Published in final edited form as: Nanomedicine. 2018 Dec 11;16:88–96. doi: 10.1016/j.nano.2018.11.008

Label-free characterization of exosome via surface enhanced Raman spectroscopy for the early detection of pancreatic cancer

Joseph Carmicheal a,1, Chihiro Hayashi a,1, Xi Huang b,1, Lei Liu b, Yao Lu b, Alexey Krasnoslobodtsev c,d, Alexander Lushnikov d, Prakash G Kshirsagar a, Asish Patel a, Maneesh Jain a, Yuri L Lyubchenko d, Yongfeng Lu b,*, Surinder K Batra a,**, Sukhwinder Kaur a,**
PMCID: PMC6532067  NIHMSID: NIHMS1013134  PMID: 30550805

Abstract

Pancreatic cancer is a highly lethal malignancy. Lack of early diagnostic markers makes timely detection of pancreatic cancer a highly challenging endeavor. Exosomes have emerged as information-rich cancer specific biomarkers. However, characterization of tumor-specific exosomes has been challenging. This study investigated the proof of principle that exosomes could be used for the detection of pancreatic cancer. Label-free analysis of exosomes purified from normal and pancreatic cancer cell lines was performed using surface enhanced Raman Spectroscopy (SERS) and principal component differential function analysis (PC-DFA), to identify tumor-specific spectral signatures. This method differentiated exosomes originating from pancreatic cancer or normal pancreatic epithelial cell lines with 90% accuracy. The cell line trained PC-DFA algorithm was next applied to SERS spectra of serum-purified exosomes. This method exhibited up to 87% and 90% predictive accuracy for HC and EPC individual samples, respectively. Overall, our study identified utility of SERS spectral signature for deciphering exosomal surface signature.

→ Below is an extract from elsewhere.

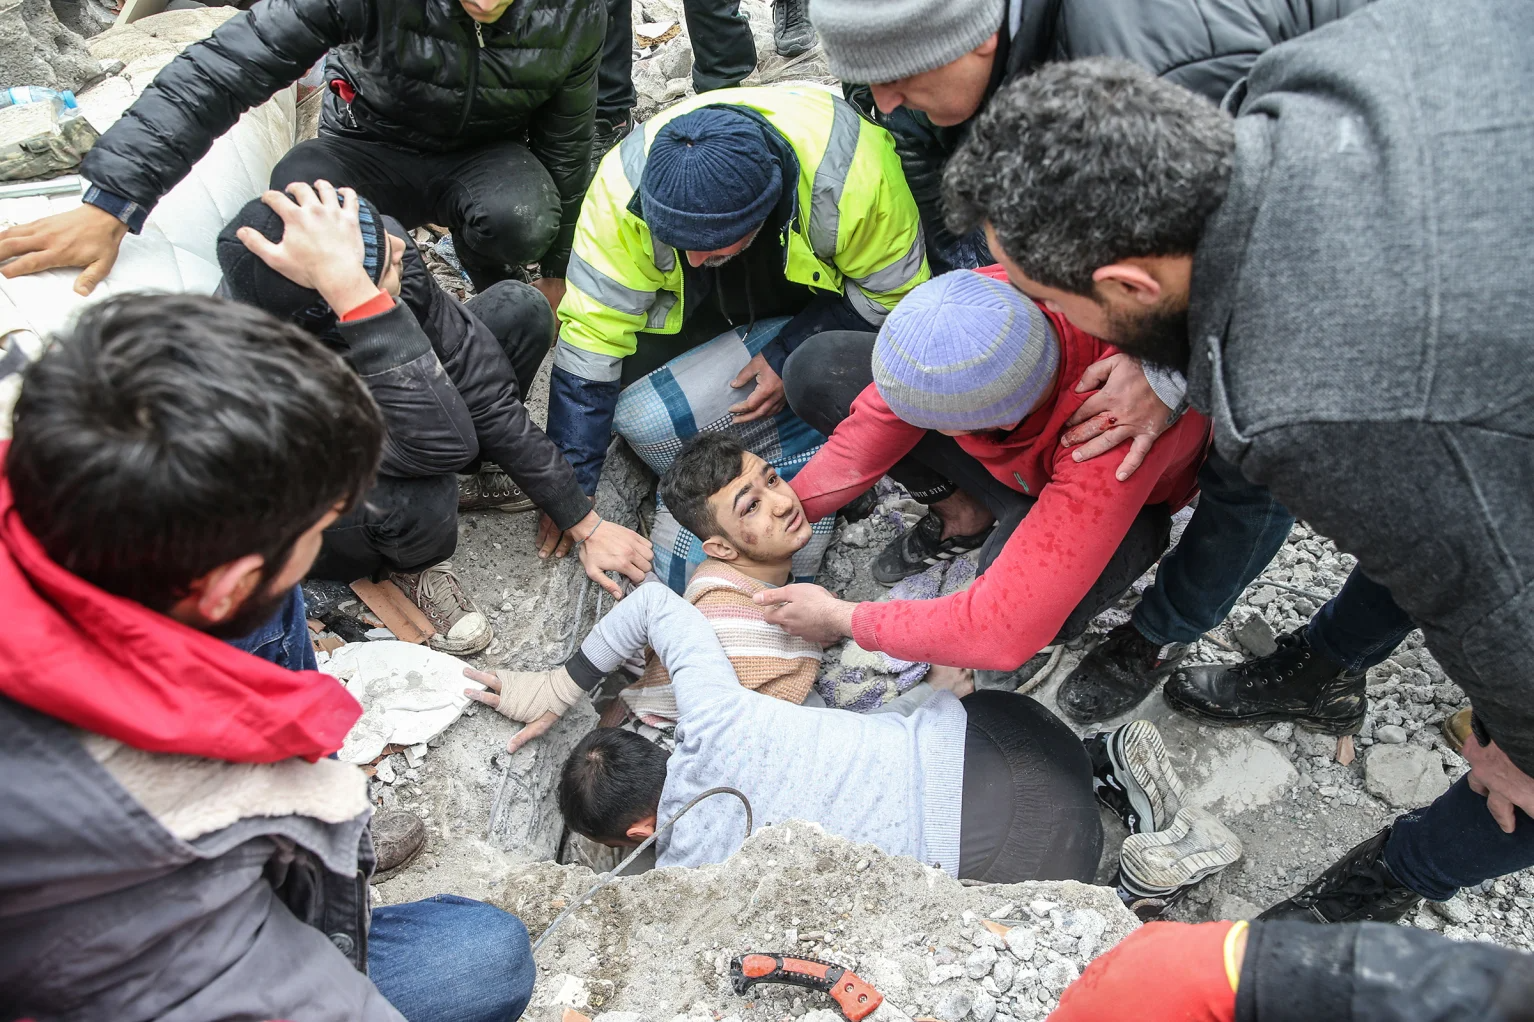 Chùm ảnh hiện trường và nỗ lực cứu hộ sau trận động đất ở Thổ Nhĩ Kỳ và Syria - Ảnh 3.
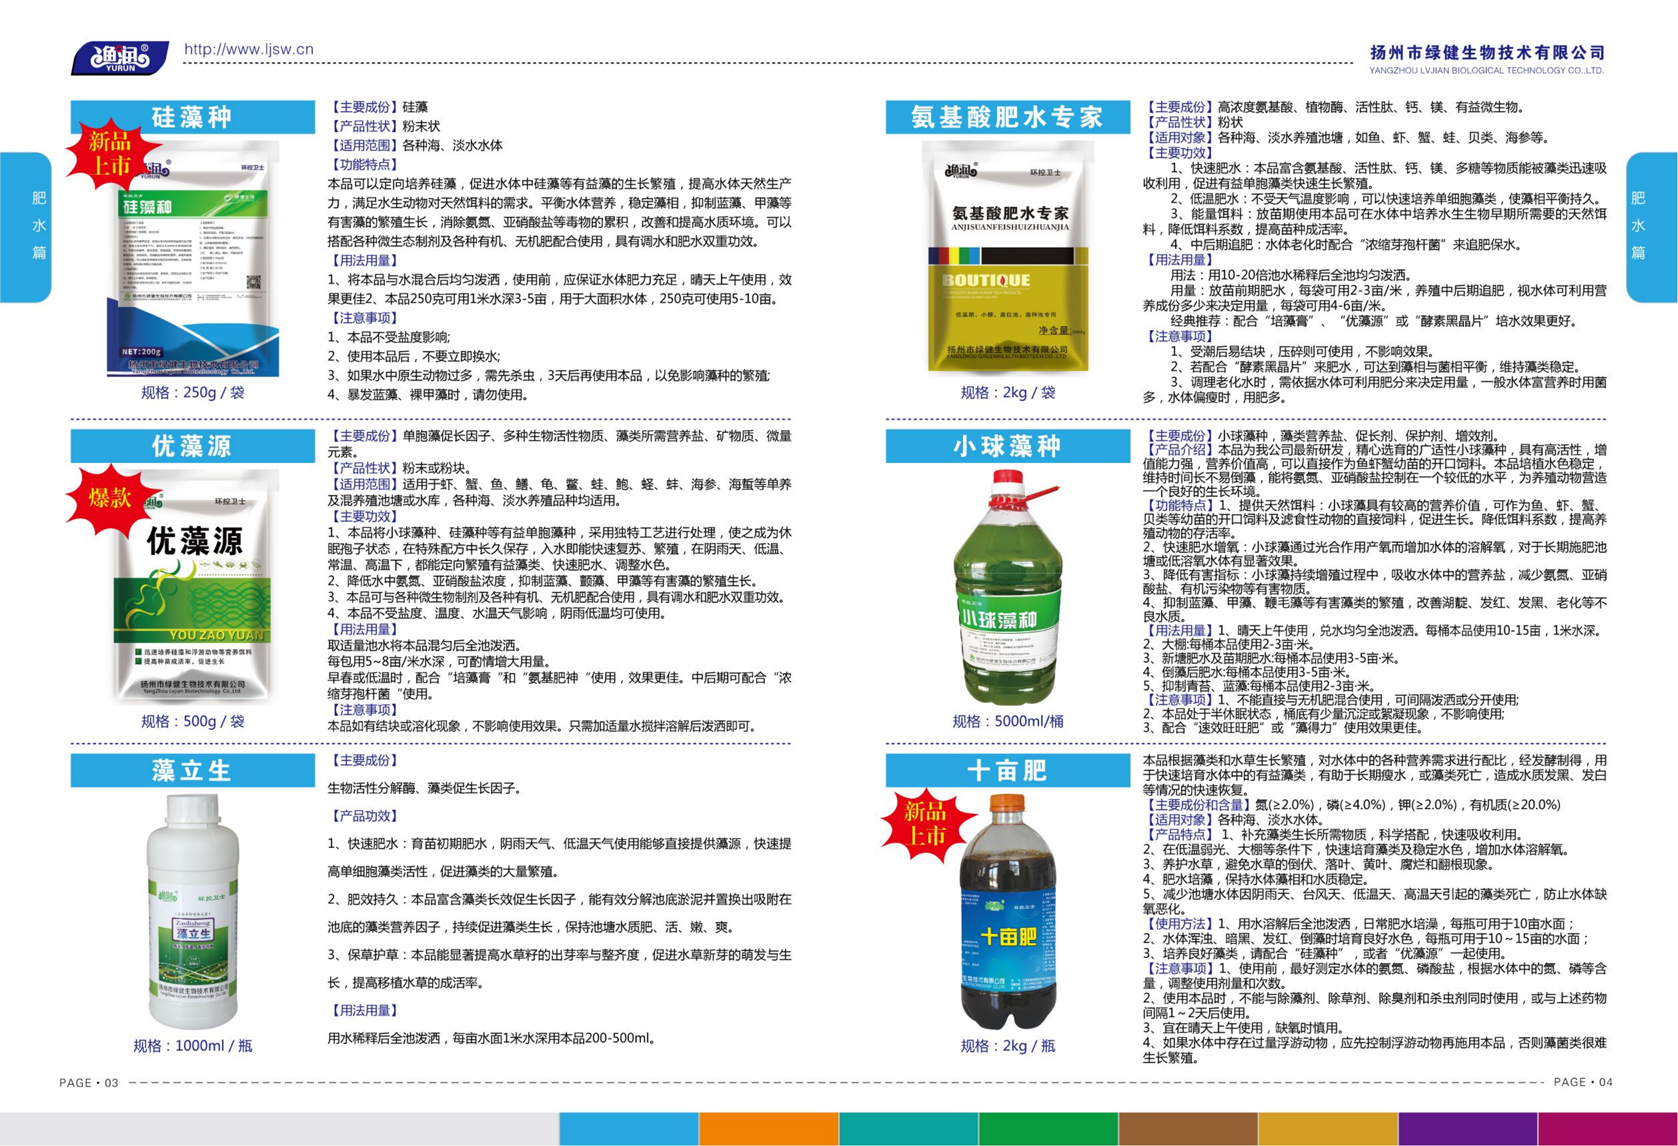 揚州市綠健生物技術有限公司第6版產品手冊_03

Keywords: Pancreatic cancer, Liquid biopsy, Exosome, Surface enhanced Raman spectroscopy, Label-free


Pancreatic cancer is characterized by insidious onset and relentless progression. According to the American Cancer Society (ACS), this disease is the third-leading cause of cancer death in both men and women, with an estimated 44,330 deaths in 2018.1 As per ACS statistics, for all pancreatic cancer diagnoses, the five-year survival rate is 8% and falls to 3% when the diagnosis is made after metastasis has occurred.1

The only curative option for this lethal malignancy is surgical resection. Surgical resection of the primary tumor, before it has given off metastases, confers the largest increase in overall patient survival.2 Unfortunately, surgery is often not possible. At the time of initial discovery, primary tumors have often locally invaded to the point of being nonresectable and/or have produced metastases. The primary reason for this is the predominantly asymptomatic nature of the early disease. Congruently, symptoms, when present, are mild and ambiguous such as nausea, malaise and right upper quadrant pain.3 Only in later stages do patients experience more dramatic clinical symptoms such as jaundice, cachexia, and migratory phlebitis. Thus, it is important to develop non-invasive and label-free tools for the early detection of pancreatic cancer. A liquid biopsy based tumor biomarker for the screening and early diagnosis of pancreatic cancer is a promising area of research that could change the outcome of this lethal malignancy and improve patient survival.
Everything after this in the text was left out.